(Bloomberg) -- Hong Kong’s revival of mandatory centralized quarantine for people linked to cases of new omicron sub-variants raises fresh concerns from the business community over the city’s reputation as a financial hub.

A return to harsh Covid Zero measures like quarantine camps risk further damaging confidence in the city and runs counter to the easing of restrictions in recent months, business groups said. The new sub-variants also do not pose a threat of igniting a major outbreak, according to a local public health expert.

“The initial reaction among our members is one of frustration and renewed loss of trust,” said Johannes Hack, president of the German Chamber of Commerce in Hong Kong. “For our stakeholders abroad, until they can visit Hong Kong entirely freely again -- like practically all other places -- we will find it hard to make a convincing case of the city’s benefits.”

Read more: Hong Kong Backpedals on Home Quarantine for Covid Sub-Variants

Health officials said Wednesday that people infected with sub-variants including BA.2.12.1 who aren’t severely sick, as well as their close contacts, will be sent to government facilities like Penny’s Bay. It’s a reversal of a practice that had allowed most mildly ill patients and their close contacts to stay at home that’s been in place since February.

The government said Wednesday the move is a precaution and doesn’t signify a change in the overall quarantine and isolation policy.

Business groups remained fearful.

“We will continue to lose international talent and businesses, impacting Hong Kong’s competitiveness even further,” said Joseph Armas, chairman of the American Chamber of Commerce in Hong Kong. “AmCham pleads for a realistic exit plan to get back to business and back on the map as a global city.”

“We believe it is very important there is no backtracking in the approach taken to manage any community spread and that any measures that are taken do not cause worry and fear,” said David Graham, executive director at the British Chamber of Commerce in Hong Kong, describing the pivot as disappointing.

“While we appreciate that the government has to react to evolving circumstances, we were hoping to see further easing of the restrictions which ultimately supports the building back of confidence in Hong Kong as an international hub,” he said.

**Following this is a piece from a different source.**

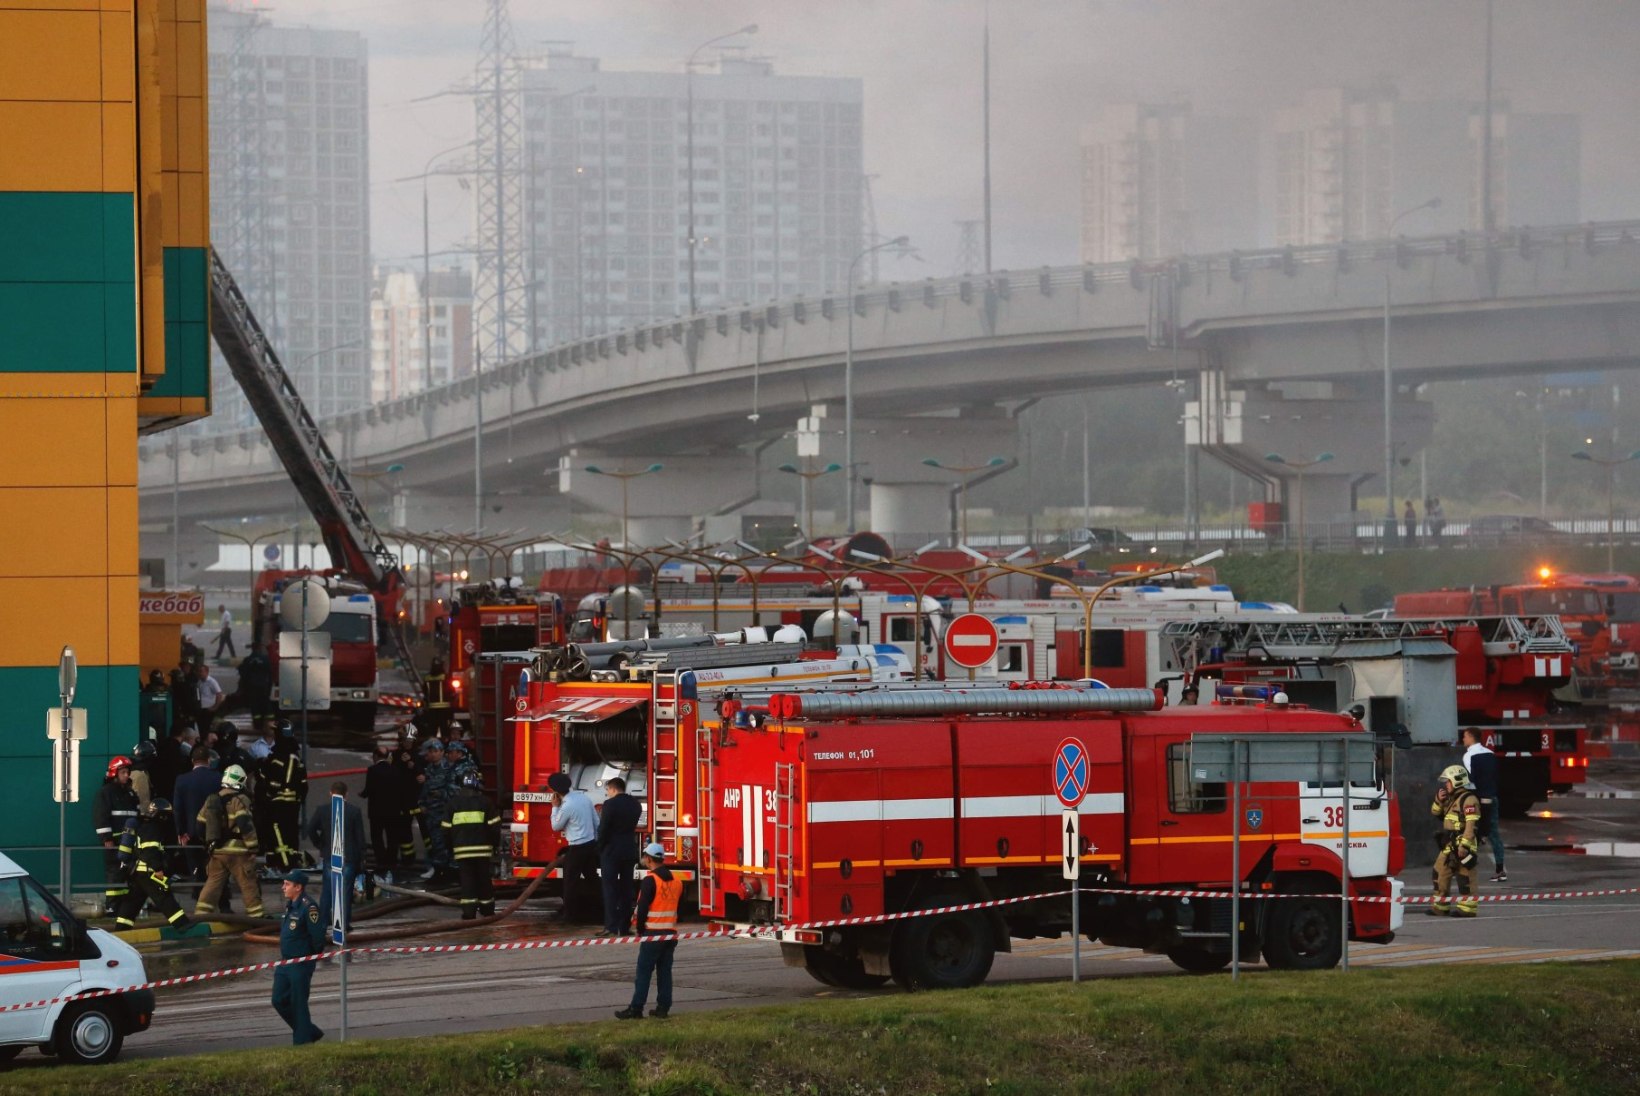 FOTOD JA VIDEOD | Moskva ostukeskuses puhkes tulekahju, viga sai 14 inimest

The arrival of new sub-variants to Hong Kong, including BA.4 and BA.5 hasn’t caused a substantial spike in daily cases, which total just hundreds per day. But several virus clusters that have recently emerged have sparked concern about community transmission. Outgoing Chief Executive Carrie Lam this week said she’s unlikely to announce a further easing of social distancing curbs as planned in June due to a series of outbreaks stemming from bars.

Read more: Hong Kong Unlikely to Ease Final Social Curbs After Bar Clusters

“We would strongly exhort the authorities to stay the course with the three-phase relaxation plan and do not flip-flop” said Sally Wong, chief executive officer of Hong Kong Investment Fund Association, which represents more than $1.6 trillion in assets under management. The group has advocated for home quarantine for people with sufficient space, and Wong said the government should use its facilities for those who can’t effectively self-isolate.

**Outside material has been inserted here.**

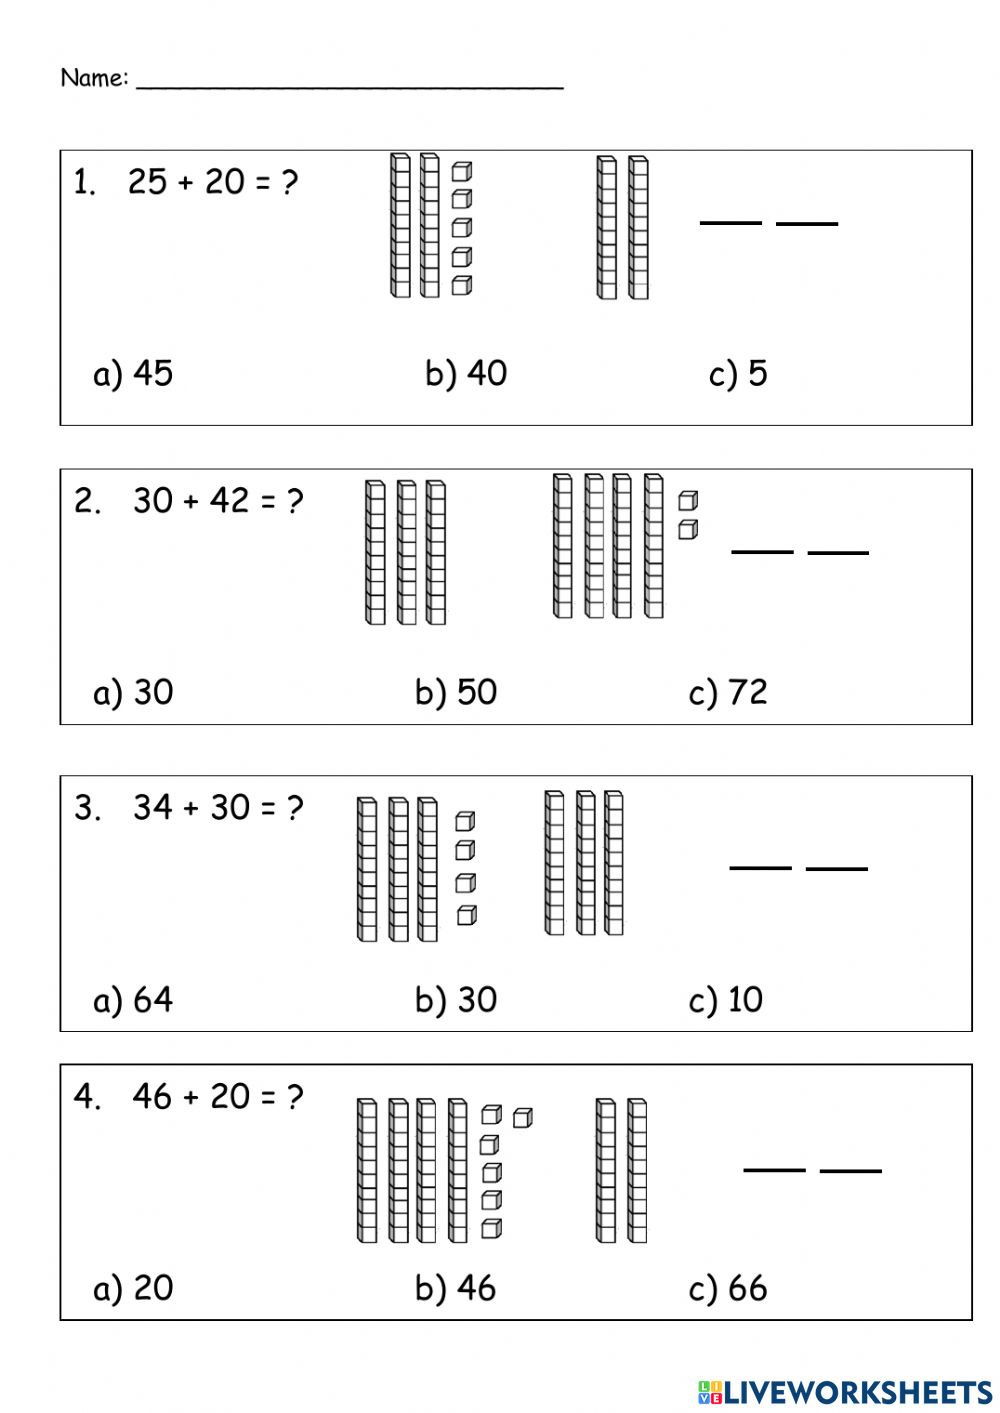 division-using-base-10-blocks-worksheets-divisonworksheets

Health officials have said the more stringent quarantine measures are needed because the sub-variants they’re monitoring have higher transmissibility and immune escape, but a leading local medical expert said it has little scientific backing.

The sub-variants won’t be able to cause a major outbreak because they are of similar virulence to the type of omicron already widely circulating and more of the population are vaccinated, said University of Hong Kong infectious disease expert Ivan Hung. “Omicron infection is mild, especially for those who have completed three doses of vaccination and there are very few severe cases and mortality.”

What We Know About Omicron and Its Sub-variant BA.2: QuickTake

The government may also be wary about a surge in cases around July 1, the 25th anniversary of Hong Kong’s return to Chinese rule and the day John Lee will take over as chief executive, according to Steve Vickers, chief executive officer of Steve Vickers and Associates, a Hong Kong-based political & corporate risk consultancy. It’s unclear if Chinese President Xi Jinping will visit the city for the event, though he traveled to the financial hub for the 20th anniversary.

With so many security concerns surrounding July 1, it’s “common sense” that Hong Kong officials need to be vigilant, said Vickers. “Measures will be intense but short term and things will resume normal quickly.”